- **SUPPLIED DATA**:
┄┄┄┄┄┄┄┄┄┄┄┄┄┄┄┄┄┄┄┄

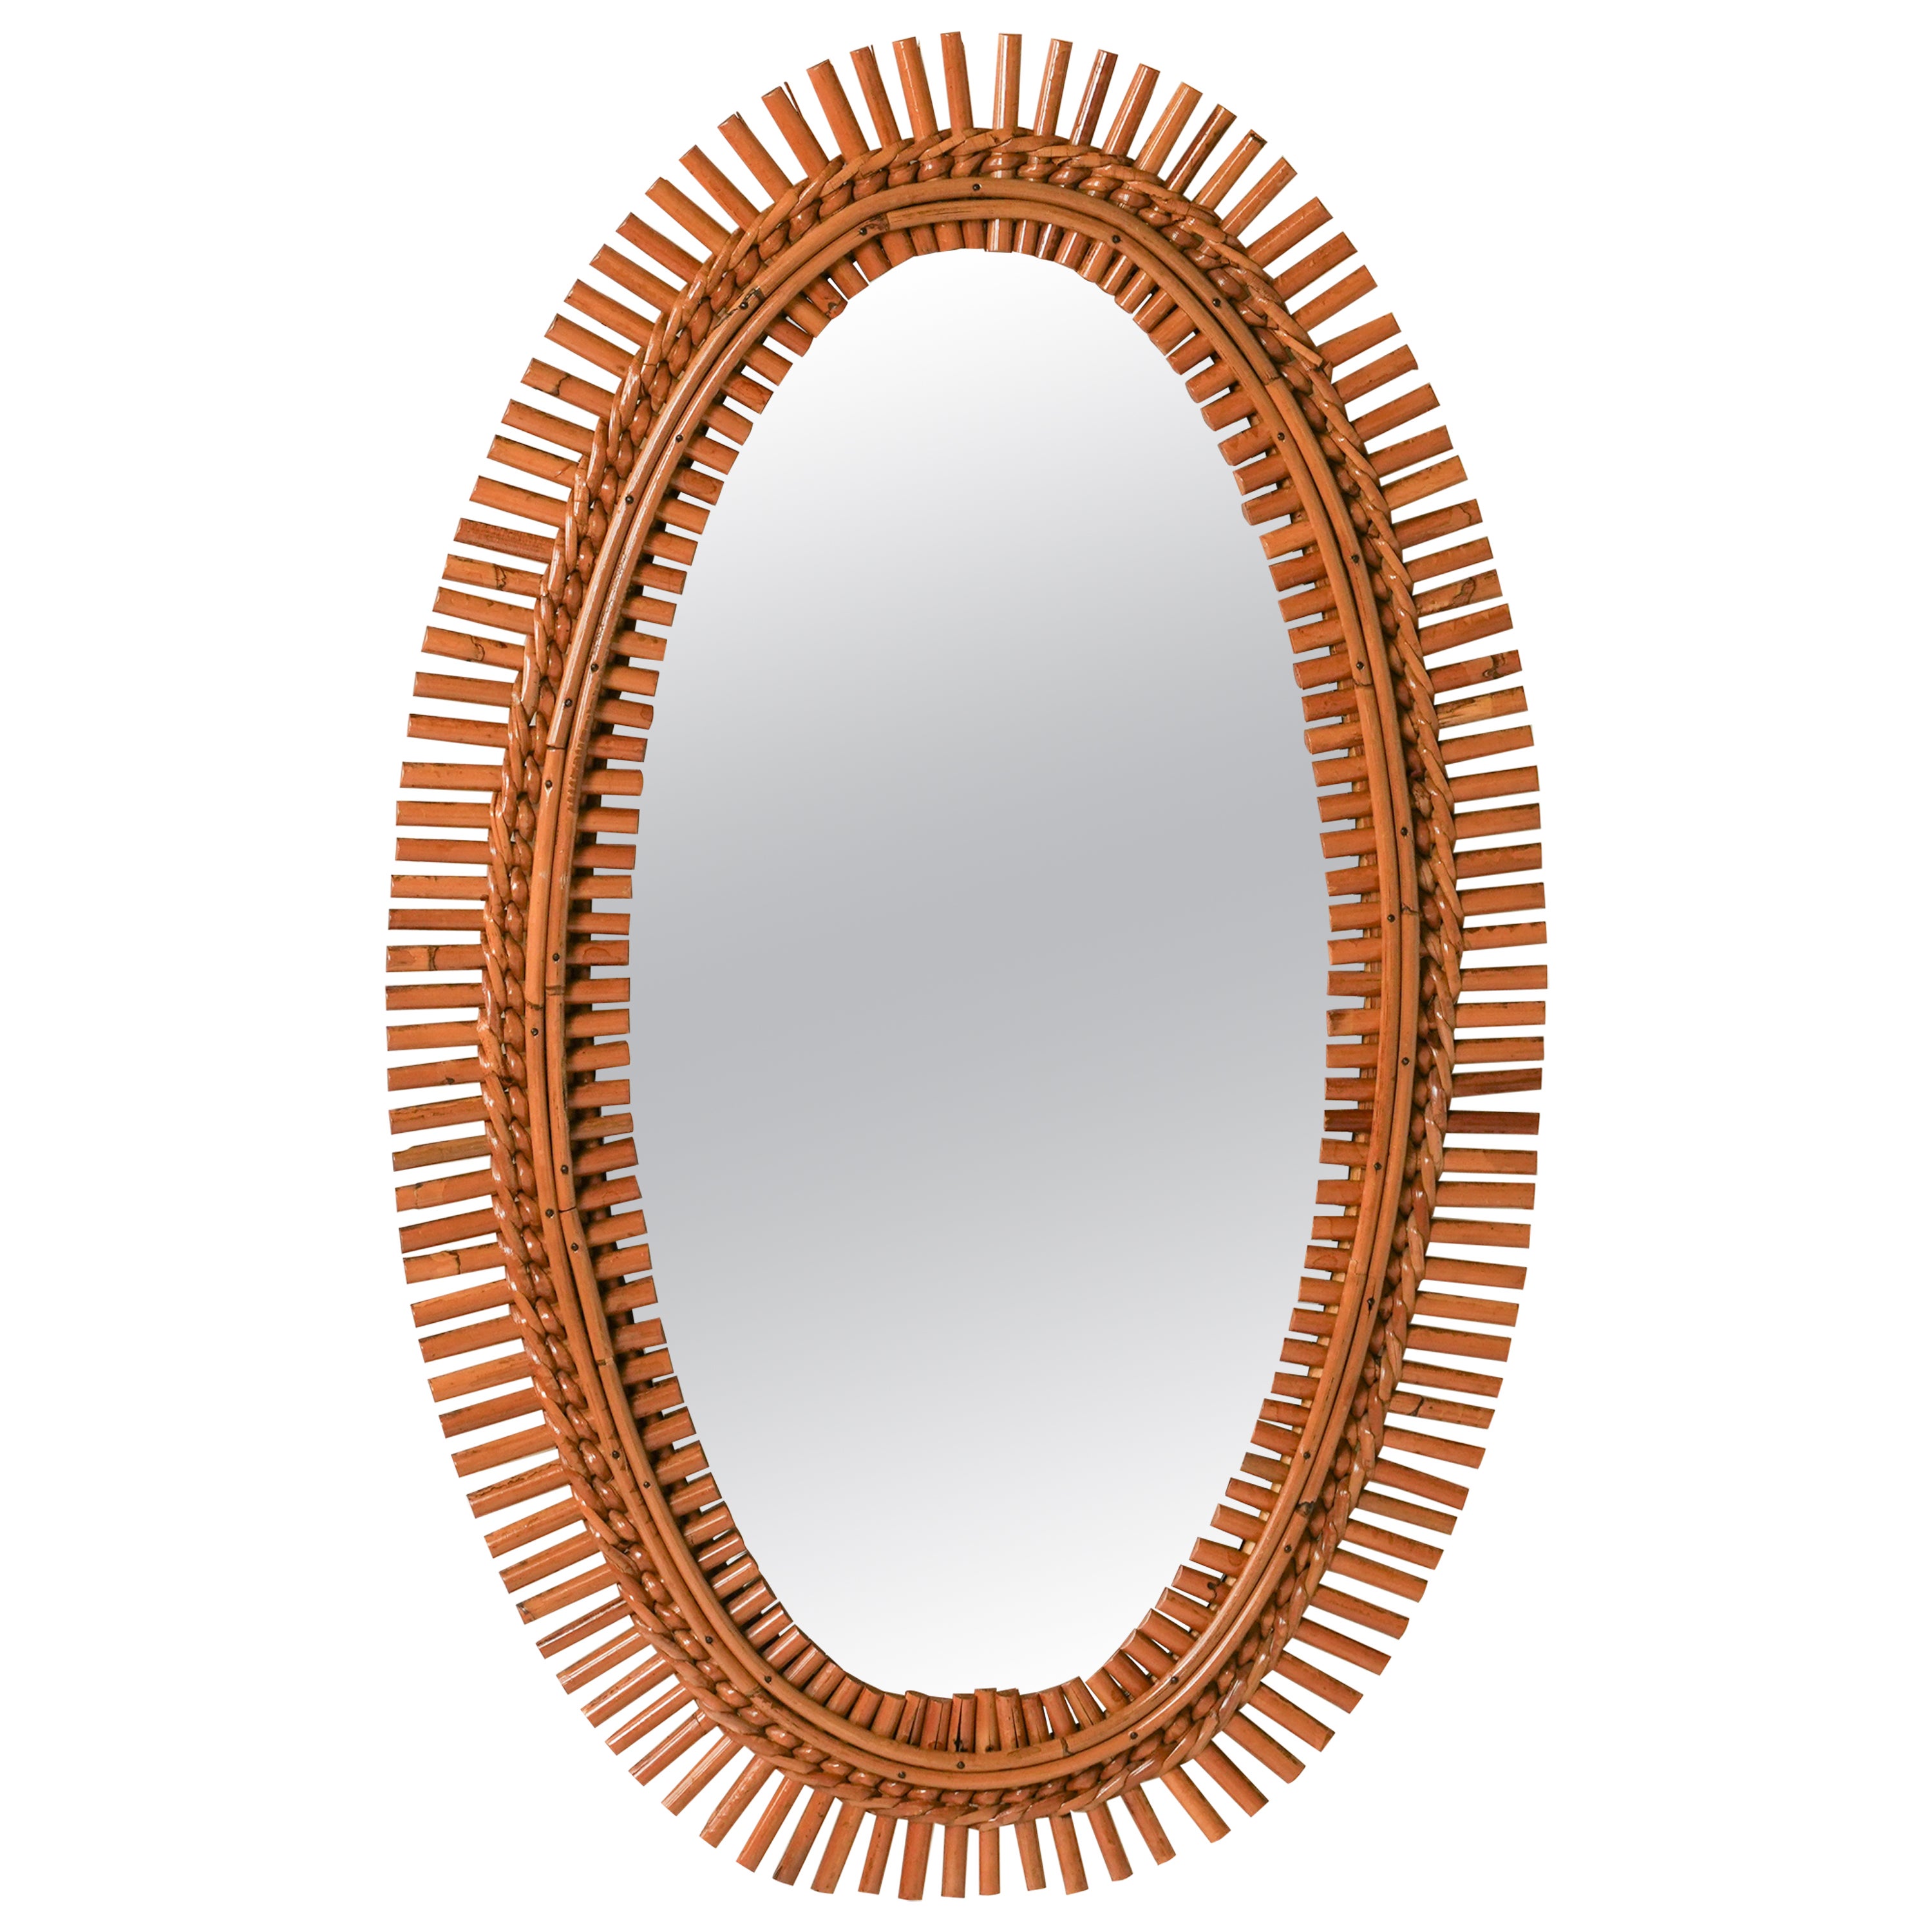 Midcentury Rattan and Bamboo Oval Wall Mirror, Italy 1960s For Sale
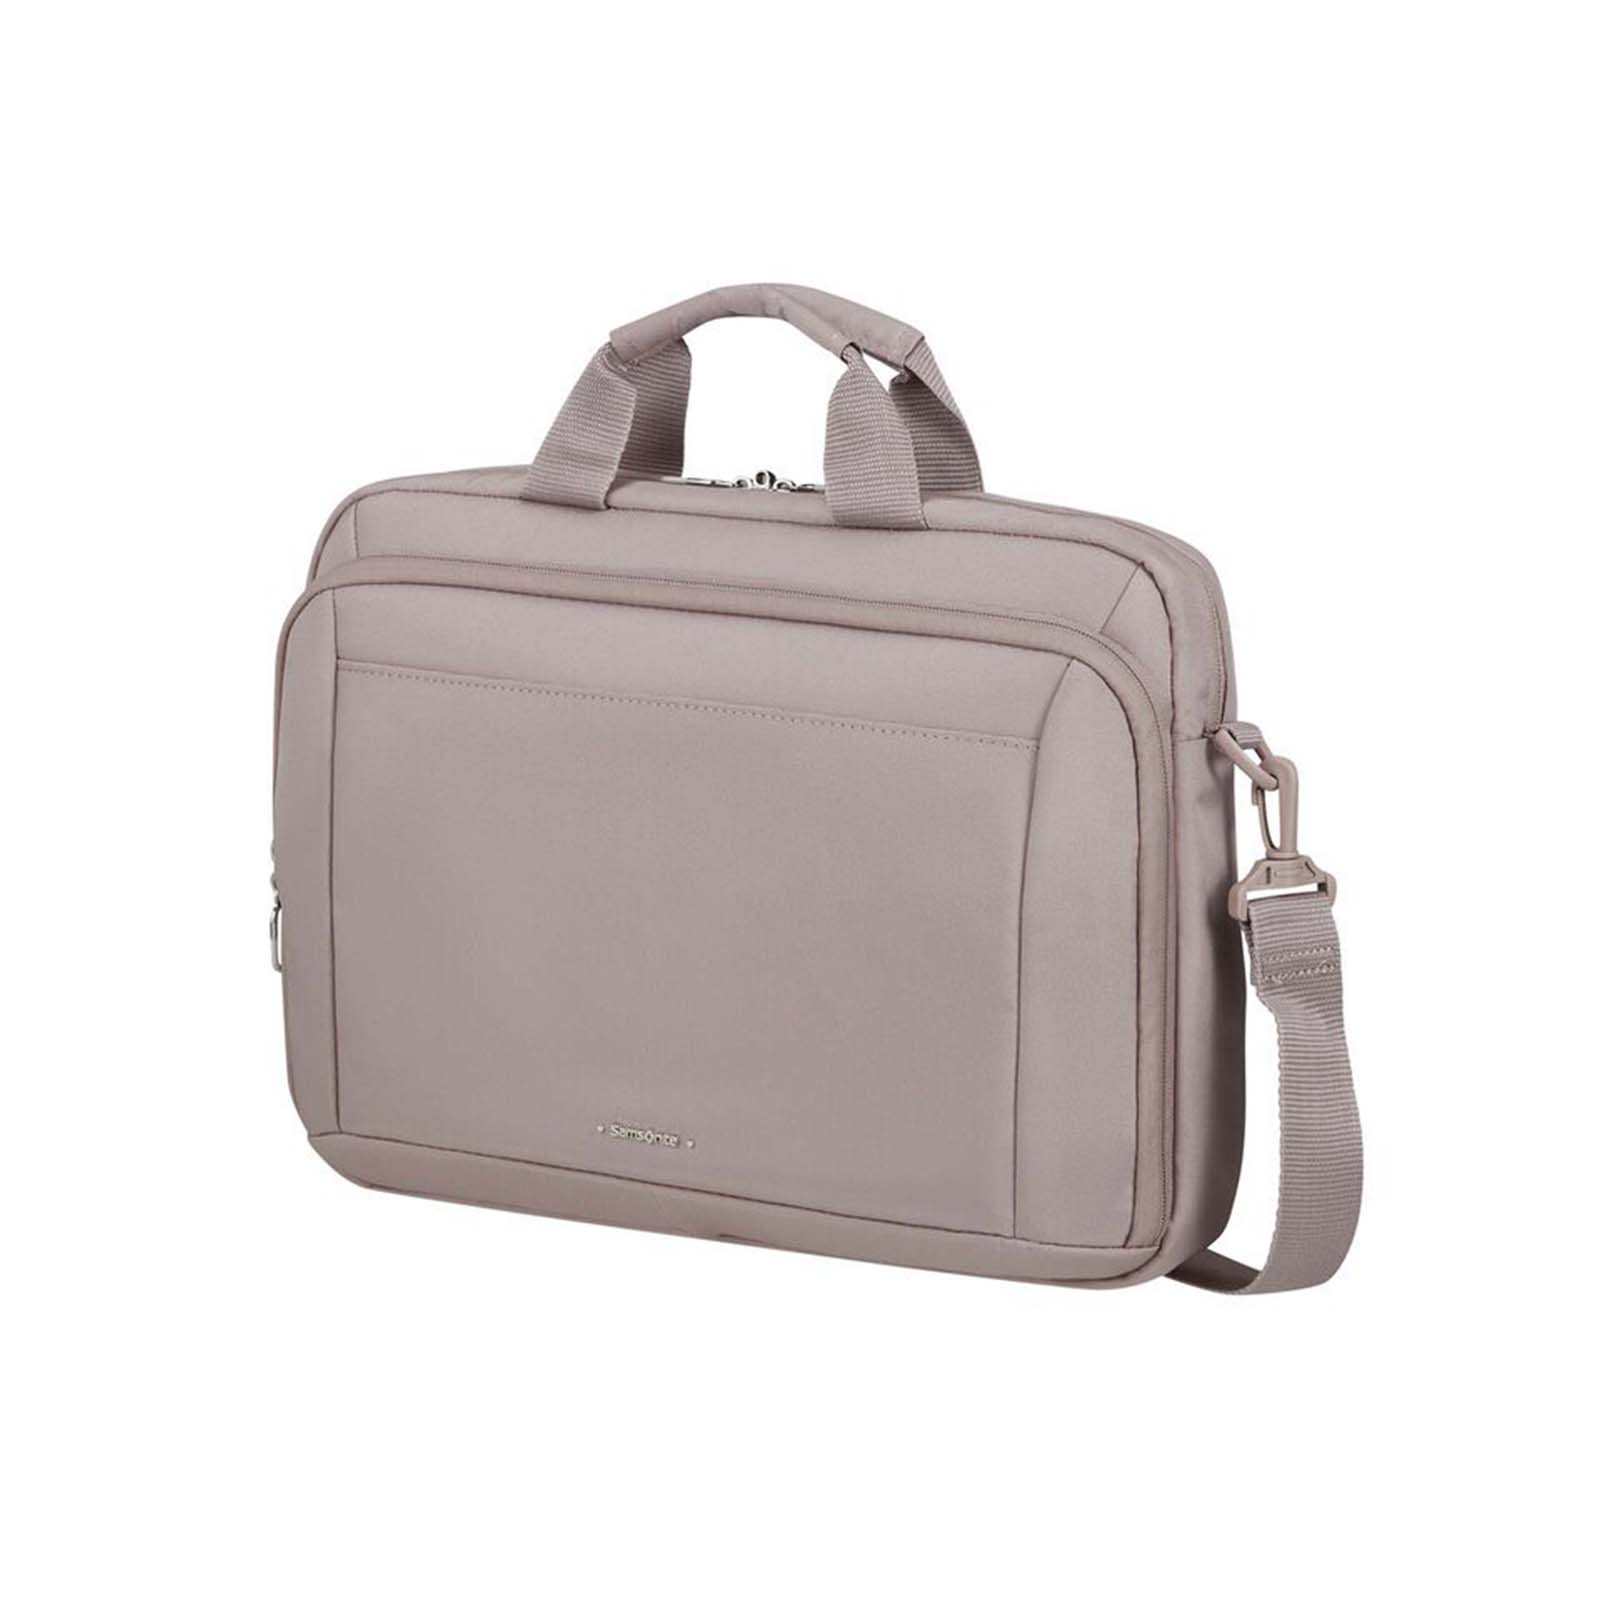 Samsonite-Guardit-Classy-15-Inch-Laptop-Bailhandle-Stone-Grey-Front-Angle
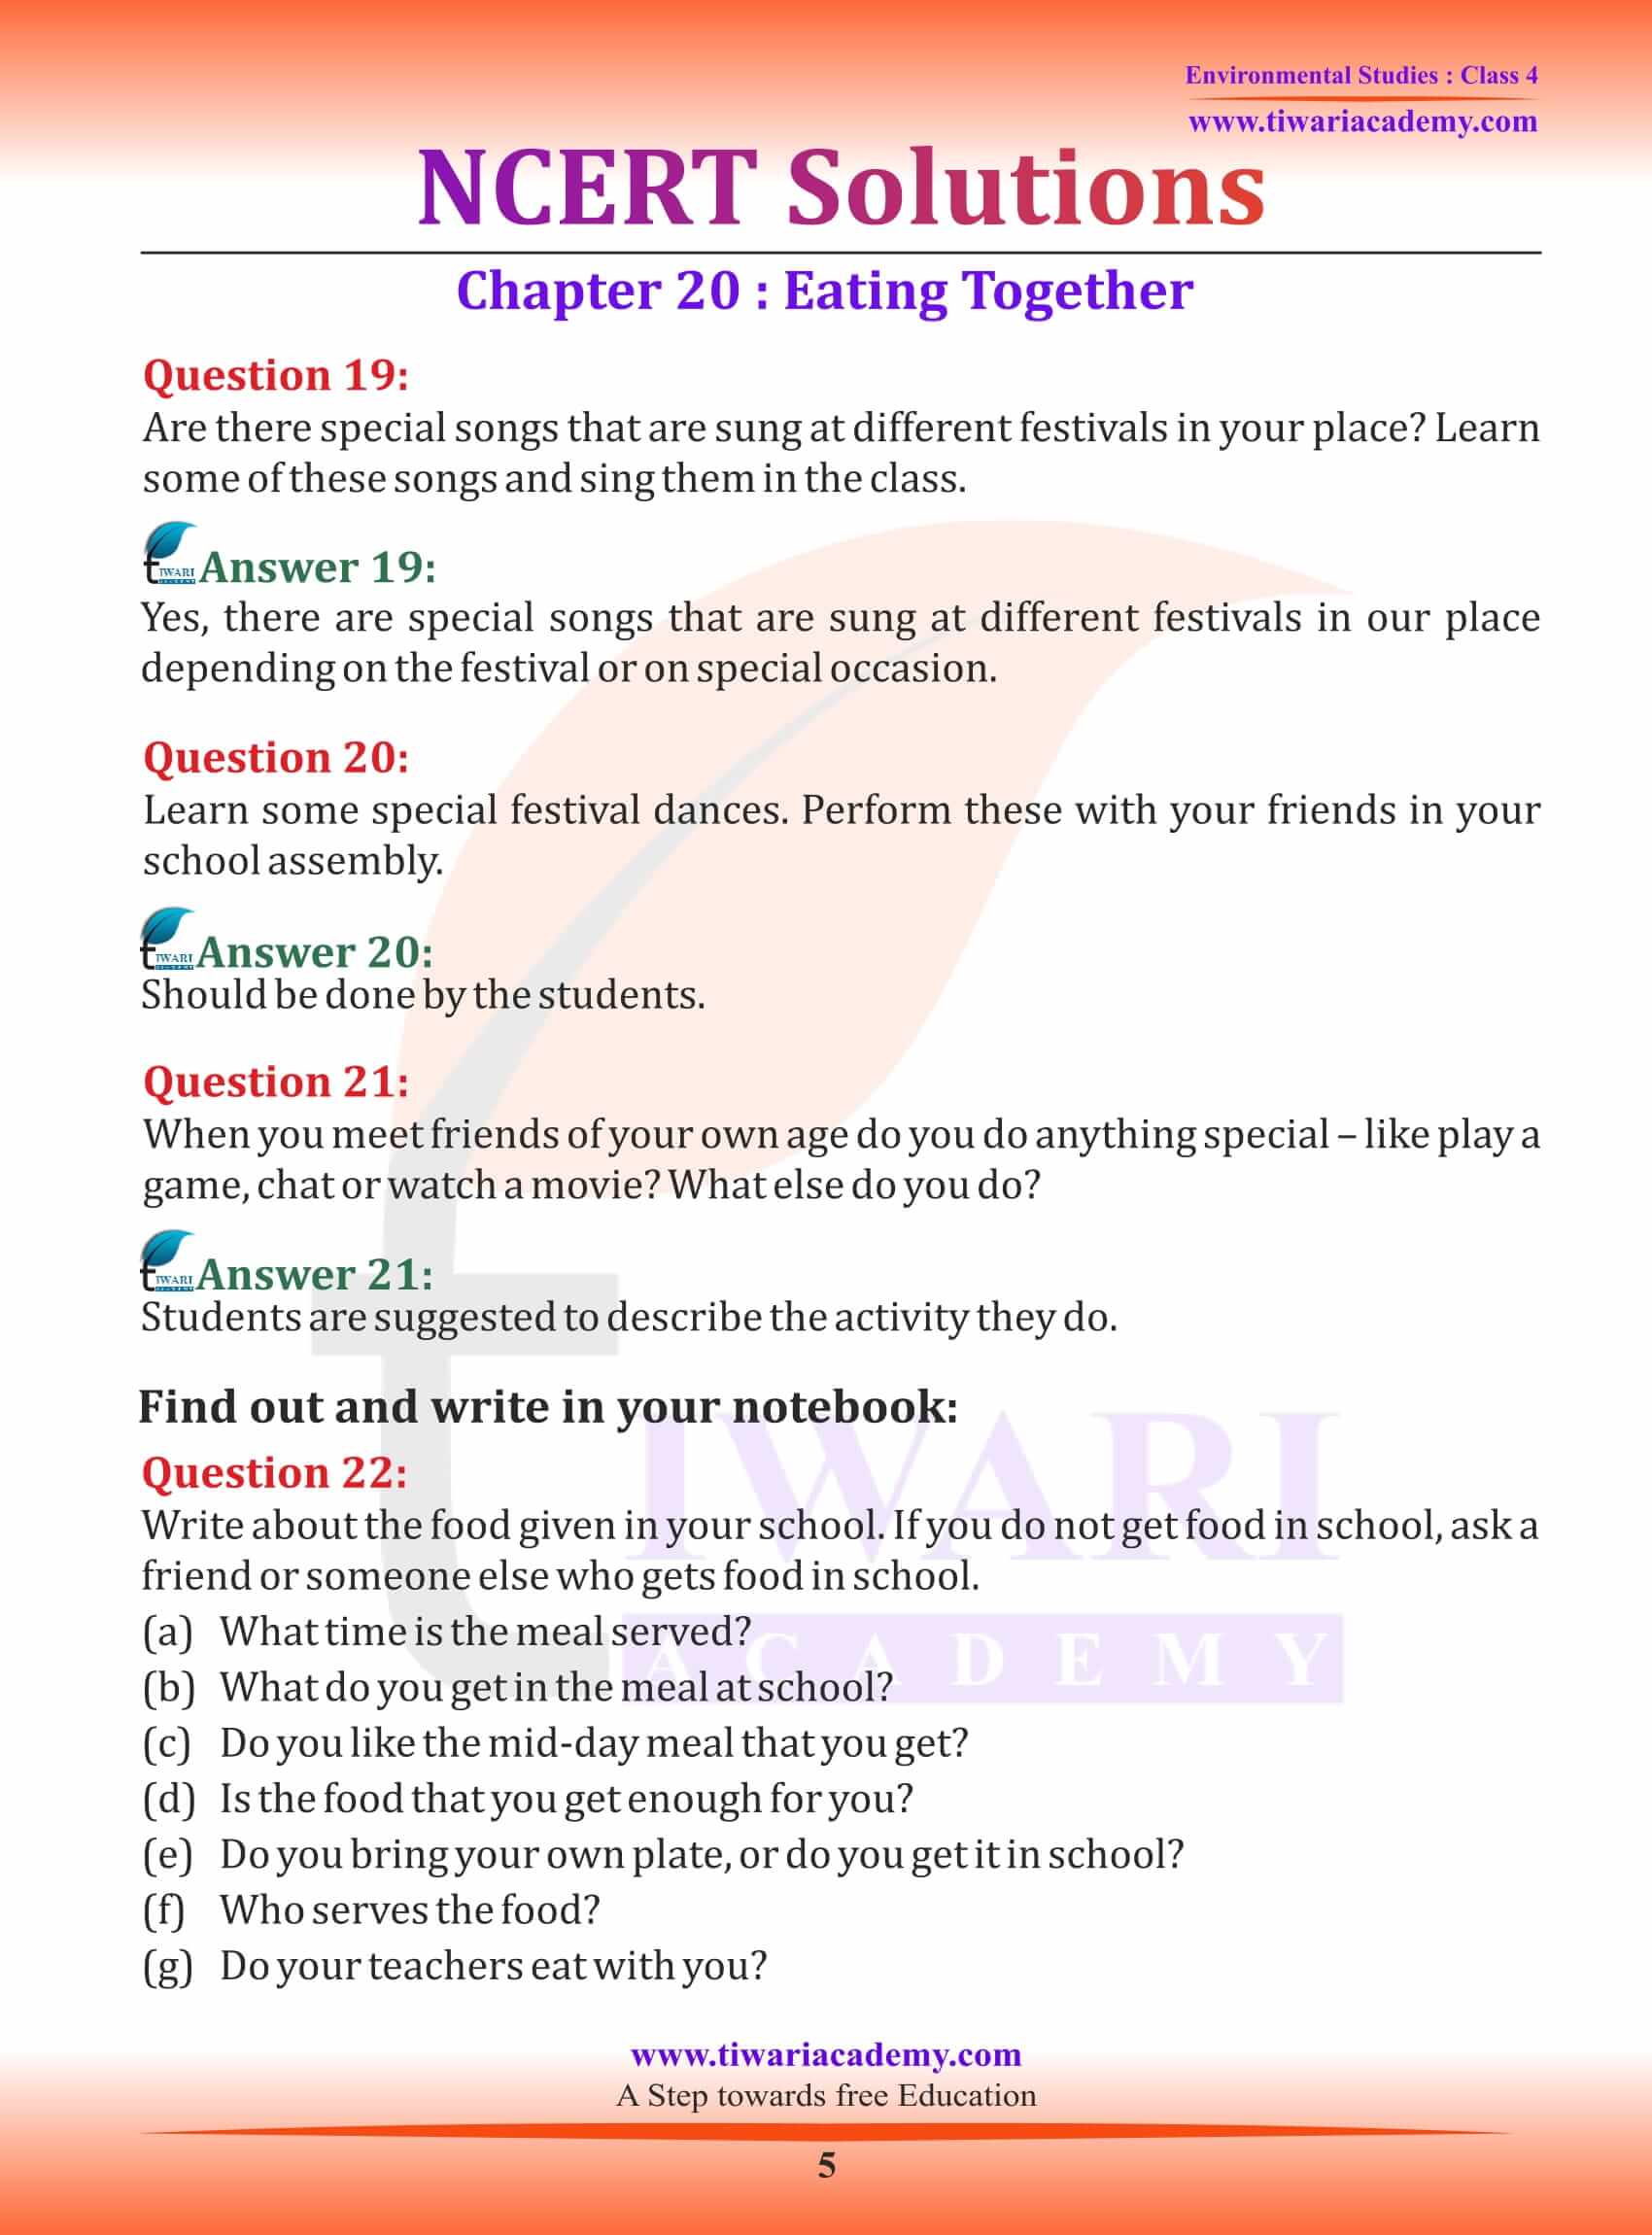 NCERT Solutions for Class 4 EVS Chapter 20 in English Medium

┄┄┄┄┄┄┄┄┄┄┄┄┄┄┄┄┄┄┄┄

- **REQUIRED WORK**: All of the data should come back exactly as written, but without pictures.

- **EXERCISE RESULT**:
 Midcentury Rattan and Bamboo Oval Wall Mirror, Italy 1960s For Sale
 Samsonite-Guardit-Classy-15-Inch-Laptop-Bailhandle-Stone-Grey-Front-Angle
 NCERT Solutions for Class 4 EVS Chapter 20 in English Medium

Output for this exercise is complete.